Шурик слушал внимательно. Долго молчал, думал. А потом спросил:

— Ты член, что ли?

— Шурик, — расхохотался Иван. — Вы мне льстите... Если не возражаете, пойду окунусь, — и подмигнул, как давнему приятелю. — Пока здешнее рукотворное море еще живо.

2

В троллейбусе разузнал о строящейся ГЭС, о Дивногорске, о пассажирских катерах, плавающих по Енисею, заодно и о возможности устроиться на ночь.

По совету учтивого молодого человека выбрал захудалое рабочее общежитие неподалеку от парка культуры и отдыха и в указанном месте сошел.

Теперь у него уже был навык по устройству в общежития или скромные гостиницы (которые не для иностранцев и высокопоставленных наших). По опыту зная, что на одну ночь всюду пускают неохотно, пококетничал с бабулей-администратором, кое о чем туманно намекнул, развлек легендой, вызвав легкое сочувствие, и бабуня, припрятав в платочек задаток, без оформления отвела его в просторную комнату, где стояли четыре кровати.

— С приходу, сынок, занята, — сказала. — На ей бульзерист спит.

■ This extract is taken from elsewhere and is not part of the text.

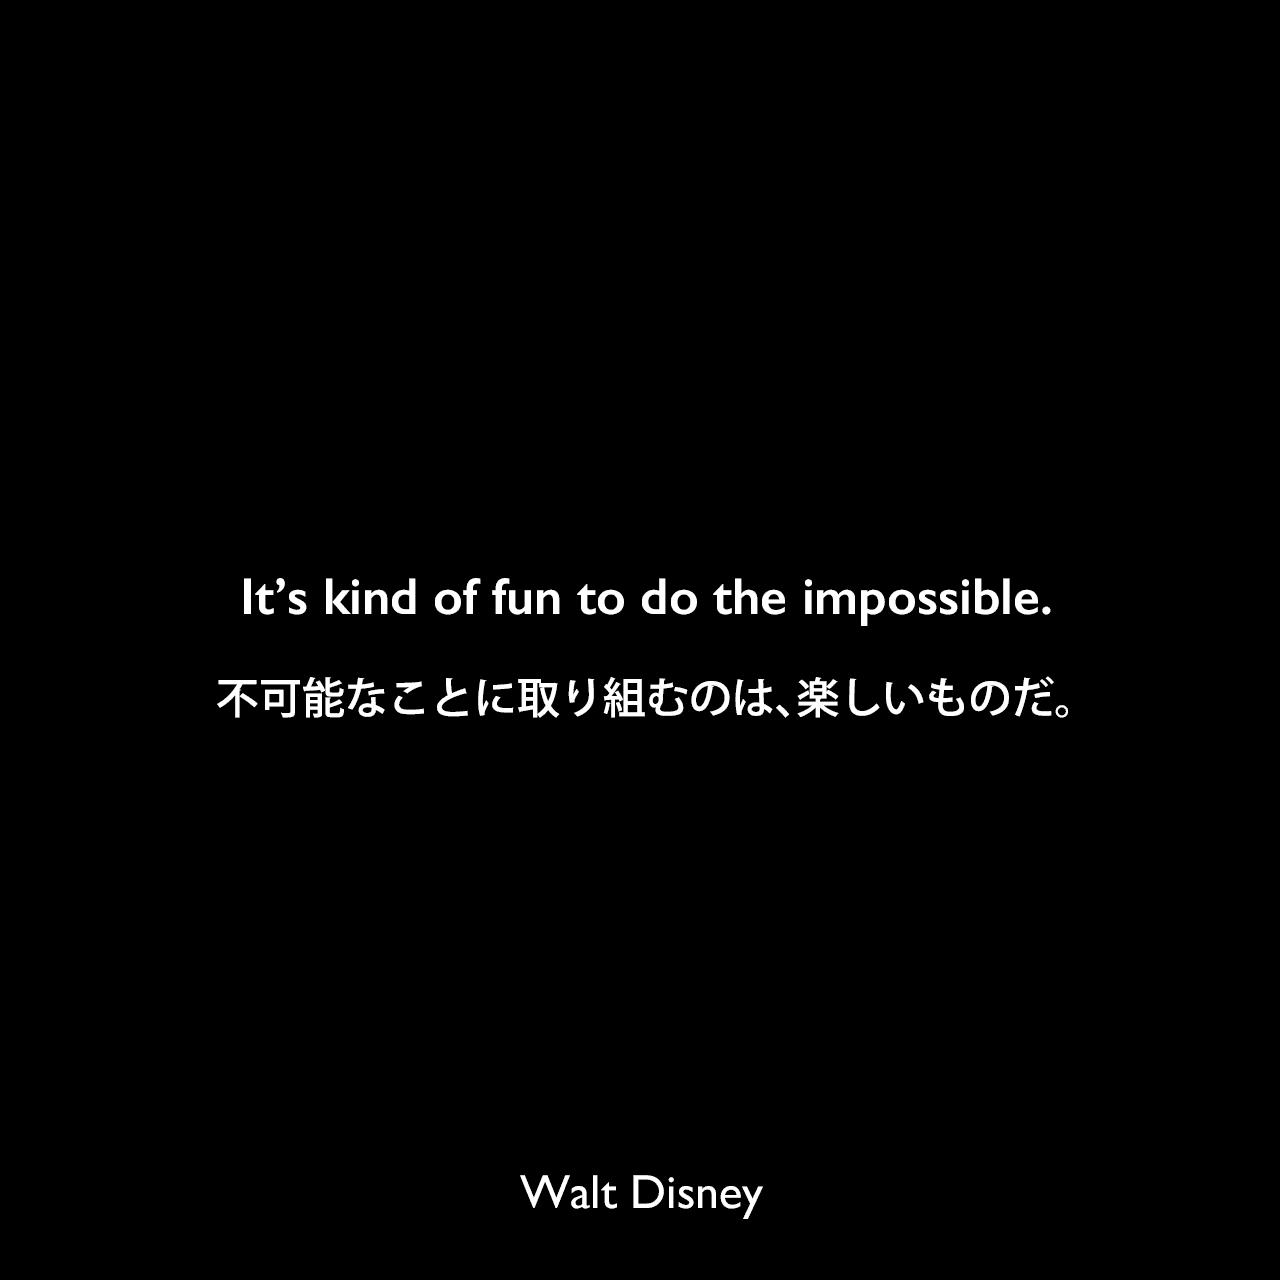 It's kind of fun to do the impossible.不可能なことに取り組むのは、楽しいものだ。- Derek Walkerによる本「Animated Architecture」よりWalt Disney
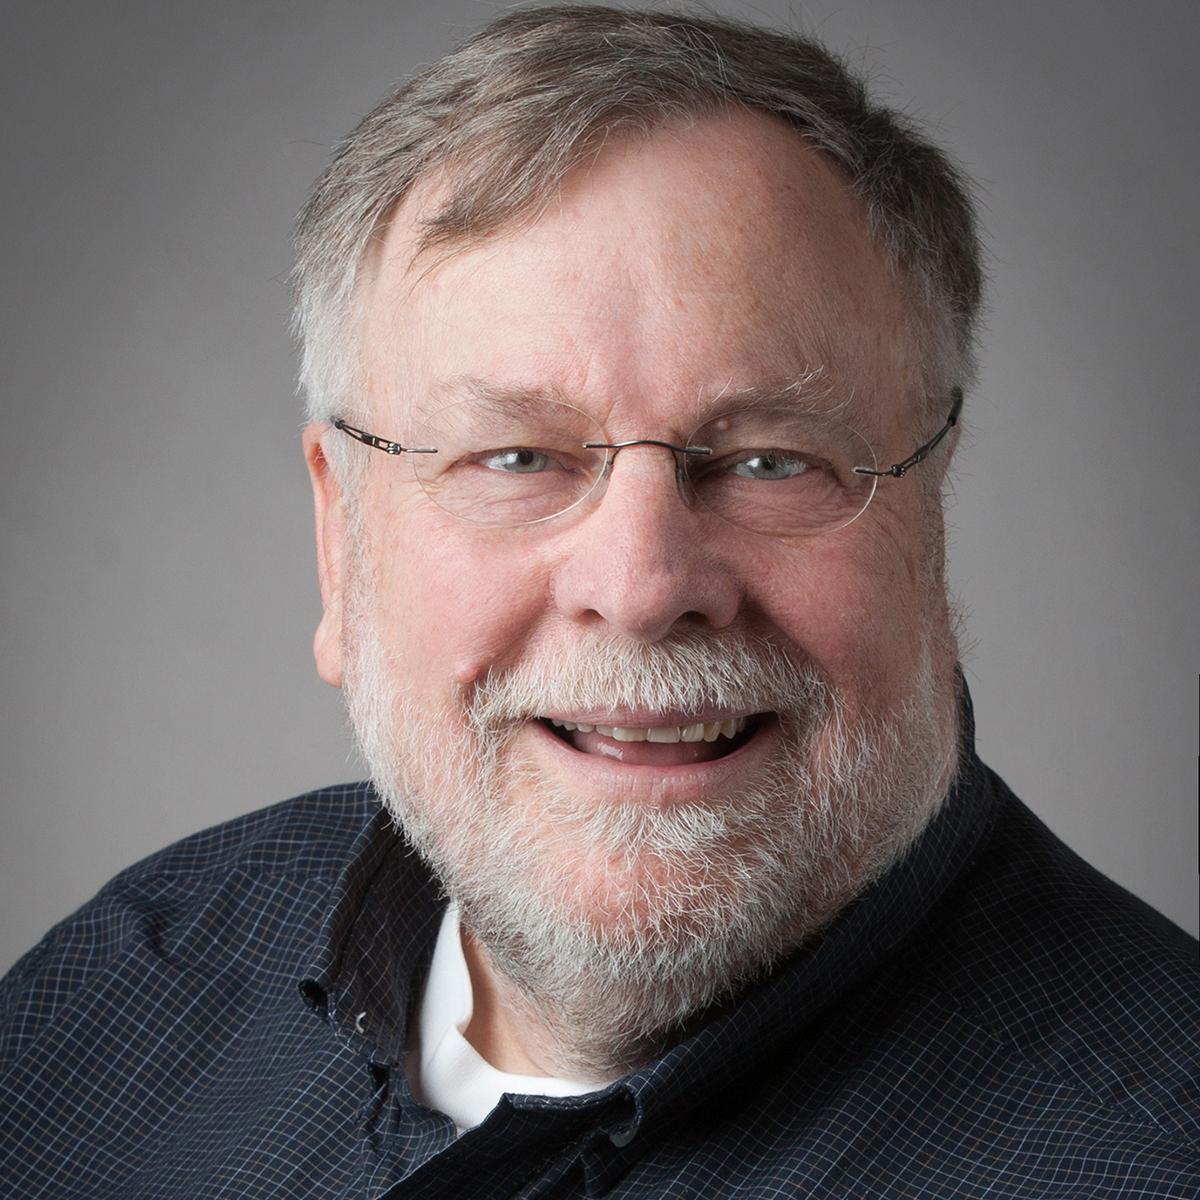 Peter Andersen, AIA Principal

А из ентих выбирай каку хош.

— Ясненько.

Бросил рюкзак на угловую и пошел на часок прогуляться, перекусить и посмотреть город.

Поначалу его удивило и озадачило обилие на улицах праздношатающихся. Был всего лишь четвертый час пополудни, и мелькнувшее предположение, что, может быть, на здешних заводах какой-нибудь особенный график, разрешающий прекращать работу в два часа дня, он, поразмыслив, отбросил как маловероятное. Сам вид гуляющих, их расслабленные походки, бессовестные, сытые, тронутые пороком лица говорили об ином. Молодые, хотя и не первой свежести, раскованные «чуваки и чувихи», одетые по той авангардной моде, которая некоторое время шокирует консервативное большинство. В их нарочито неторопливом дефилировании по улицам, по захламленному опустелому парку чувствовался некий вызов, они словно несли перед собой какую-то свою особую отмеченность, породистость, явно демонстрируя что-то понятное только им одним, и Ржагин припомнил: «Елки-моталки! Сюда же тунеядцев сгружали. Ну да, слухи ползали, в Красноярск».